В то же время это послание является для нас бесценным источником знаний о Павле. Апостол являет здесь истинно христианское благородство. Это послание может служить образцом учтивости, такта и чуткости. Сердце запертого в темнице престарелого апостола было переполнено любовью и сочувствием к бедному беглому рабу. Павел помог Онисиму обрести свободу во Христе и защищал его, как самого себя.

 

Павел и Плиний

 

Гроций и другие толкователи[1190] цитируют знаменитое письмо консула Плиния к своему другу Сабинию, в котором Плиний выступает в защиту беглого раба. Этот поступок делает честь Плинию, родившемуся в тот самый год, когда Павел в узах был приведен в Рим, и свидетельствует о том, что даже бесчеловечный институт рабства не мог заглушить в человеческой душе естественную доброту и великодушие. Плиний принадлежал к числу римской знати, имел прекрасное воспитание и аристократические привычки, хотя по невежеству презирал христианство и во время своего проконсульства в Азии преследовал ни в чем не повинных верующих. Между письмами Павла и Плиния есть поразительное сходство: в обоих речь идет о беглом рабе, виновном, но раскаявшемся и желающем вернуться к своим обязанностям; оба содержат вежливую и убедительную просьбу простить и принять этого раба, продиктованную бескорыстной добротой. Однако эти два послания отличаются друг от друга так же, как христианское милосердие отличается от естественного человеколюбия, как благородный христианин отличается от благородного язычника. Плиний мог апеллировать лишь к человеколюбию и человеческому достоинству своего друга, Павел – к любви Христовой и чувству долга и благодарности; первый заботился о временном благополучии своего подопечного, второго больше волновало его вечное благополучие; первый, в лучшем случае, мог вернуть своего протеже в положение раба, второй присвоил ему высокое достоинство брата во Христе, вместе со своим хозяином преломляющего хлеб их общего Господа и Спасителя. «С точки зрения гладкости речи пальма первенства, может быть, и принадлежит римлянину, но величавостью тона и сердечной теплотой он намного уступает заключенному в тюрьму апостолу».

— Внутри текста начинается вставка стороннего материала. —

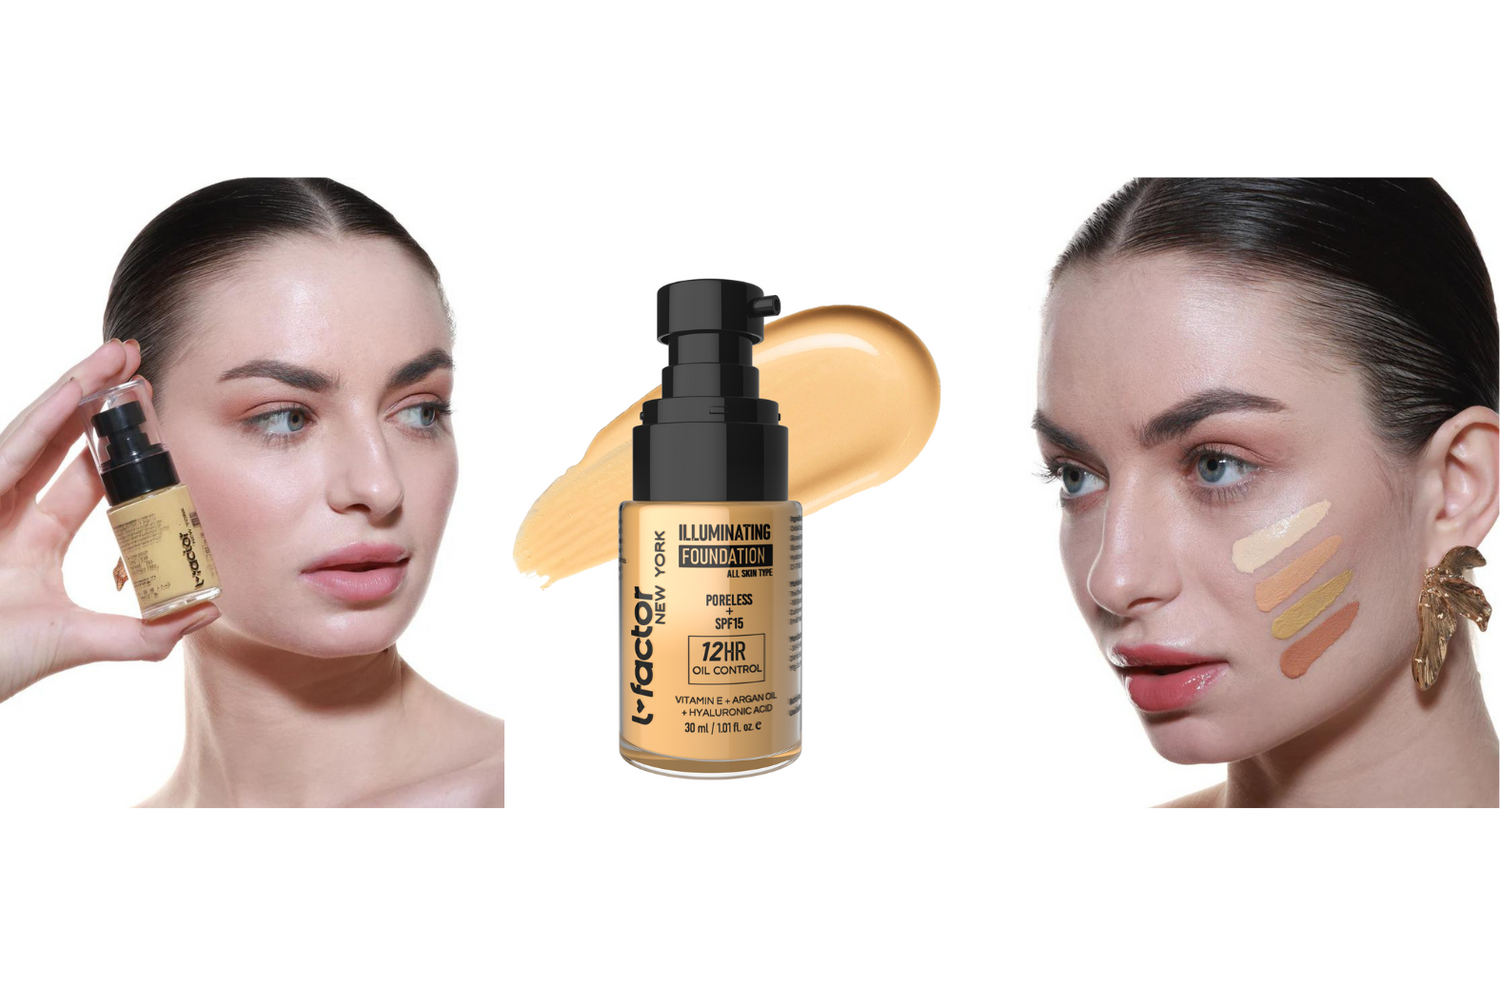 Different Types of Foundation Coverage: Light, Medium, and High

В те времена, когда в Римской империи безраздельно царило рабовладение, древняя церковь воспринимала это послание с трудом. В IV веке оно все еще вызывает в христианах сильное предубеждение, как совершенно недостойное апостола. Иероним, Златоуст и другие толкователи, сами не имевшие ясного представления о социальном значении этого послания, даже извинялись перед своими читателями за то, что Павел, вместо того чтобы проповедовать метафизические догмы и поддерживать церковную дисциплину, уделяет столько внимания бедному беглому рабу.[1191] Однако после Реформации христиане воздали этому посланию должное. Эразм утверждает, что «Цицерон не написал ничего более изящного». Лютер и Кальвин высоко отзываются о нем – в особенности Лютер, который полностью разделяет возвышенные христианские чувства апостола. Бенгель: «mire αστείος». Эвальд: «Нигде отзывчивость и теплота нежной дружбы так прекрасно не сочетаются с внушительной твердостью духа, как в этом письме, столь кратком, но в то же время непревзойденно содержательном и важном». Майер: «Это драгоценный отпечаток великой личности, и, если его рассматривать просто как образчик аттической утонченности и учтивости, он займет достойное место среди эпистолярных шедевров древности». Баур на основании неубедительных доводов отрицает подлинность этого послания, утверждая, что оно написано после смерти апостола, но признает, что «его очаровательный слог производит приятное впечатление» и что оно исполнено «славнейшего христианского духа».[1192] Хольцман называет его «образцом такта, изящества и дружелюбия». Реусс: «Образец такта, изящества и гениального, доброго юмора». Ренан, с его способностью подмечать литературные и эстетические достоинства и недостатки, восхваляет послание как «подлинный маленький шедевр эпистолярного искусства». Лайтфут, высоко оценивая нравственное значение этого послания для решения проблемы рабства, также говорит о его литературных достоинствах: «Как выражение простоты и благородства, изысканной вежливости, огромного сочувствия, теплой личной привязанности, Послание к Филимону не знает себе равных. И его превосходство тем более замечательно, что его стиль исключительно свободен. Оно ничем не обязано искусству риторики, его воздействие объясняется только духом писателя».

 

Пастырские послания

 

См. §33, с. 222–223.

 

Содержание

 

Три пастырских послания – два к Тимофею и одно к Титу – составляют самостоятельную группу. Они отражают последний период жизни и служения апостола и содержат его прощальные наставления возлюбленным ученикам и соработникам. Эти послания показывают нам апостольскую церковь в процессе перехода от первоначальной простоты к более четкой системе вероучения и форме управления. Именно такими они и должны быть, учитывая время их написания – после первого римского заключения Павла и до создания Апокалипсиса.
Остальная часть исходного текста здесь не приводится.